I have proved that a totally bounded metric space is bounded using the idea of epsilon nets, but can't work the attached out.
Any solutions would be great thanks.
If $\displaystyle k\neq l$ then $\displaystyle d(e_k,e_l)= \left( \sum_{n=1}^{\infty } |e_{k}^n - e_{l}^n|^2 \right) ^{\frac{1}{2} } = (1+1)^{\frac{1}{2} } $ because $\displaystyle e_k$ and $\displaystyle e_l$ have their respective $\displaystyle 1$ in different places.
Also it doens't matter which number it is, just that each point is a constant distance away from each other, and so any net we try to build with a number smaller than this constant will fail to cover all from a finite point set.

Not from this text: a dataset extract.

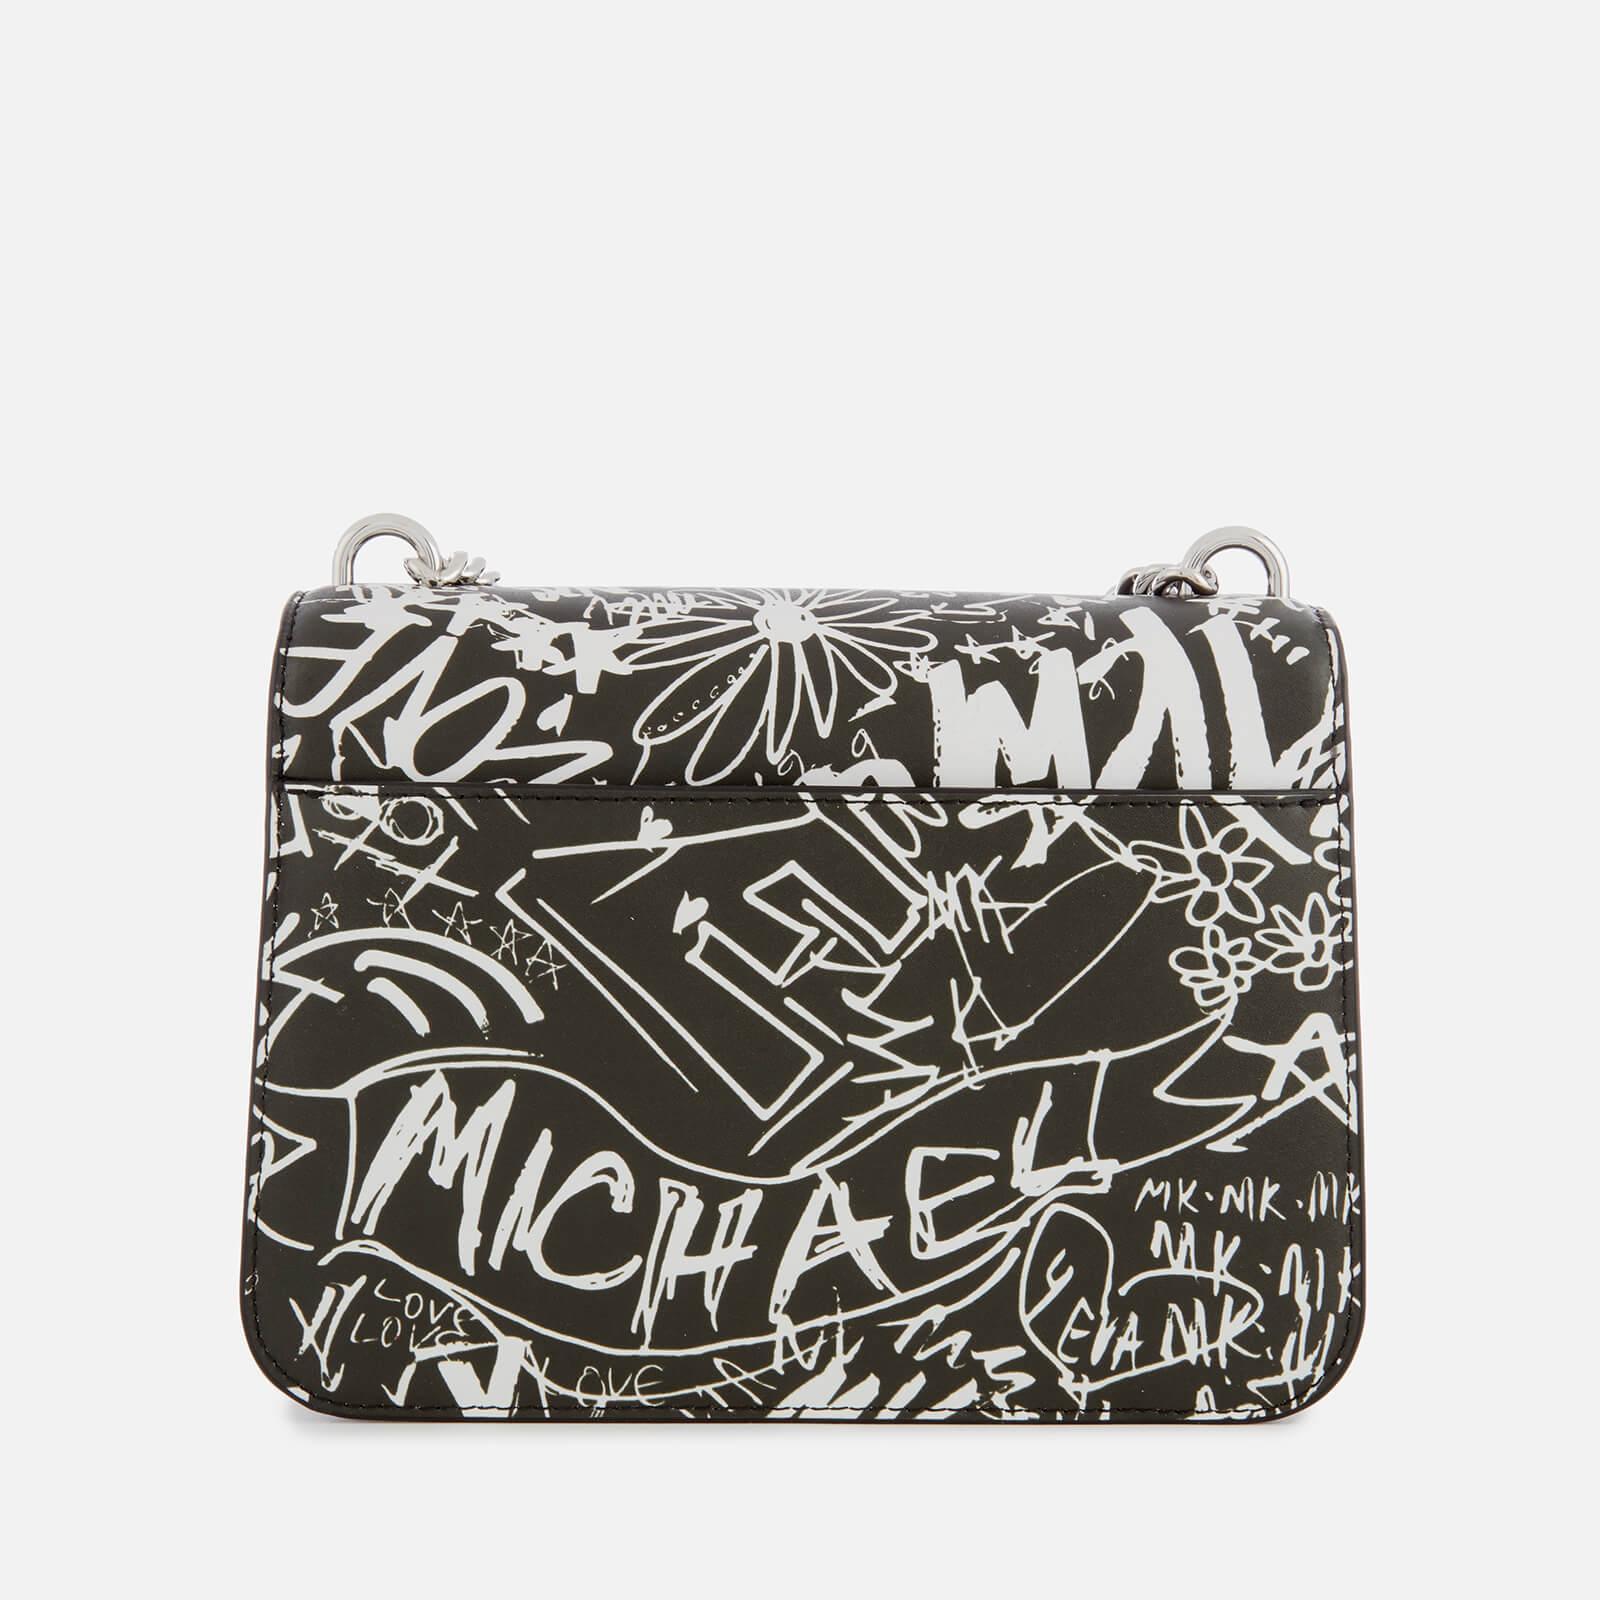 c18c8e8531dc MICHAEL Michael Kors - Multicolor Graffiti Calia Leather Cross Body Bag -  Lyst. View fullscreen

Assume it is totally bounded and pick a number $\displaystyle 0<a<\sqrt{2}$ then we must have that there exist $\displaystyle e_{m_1},...,e_{m_k} \in (e_j)_{j\in \mathbb{N} }$ such that $\displaystyle (e_j)_{j\in \mathbb{N} } \subseteq \cup_{i=1}^{k} B_a(e_{m_i} ) $ but $\displaystyle B_a(e_{m_i} ) = \{ y \in l_2 : d(y,e_{m_i})<a \}$ and so $\displaystyle (e_j)_{j\in \mathbb{N} } \cap B_a(e_{m_i} ) = \{ e_{m_i} \}$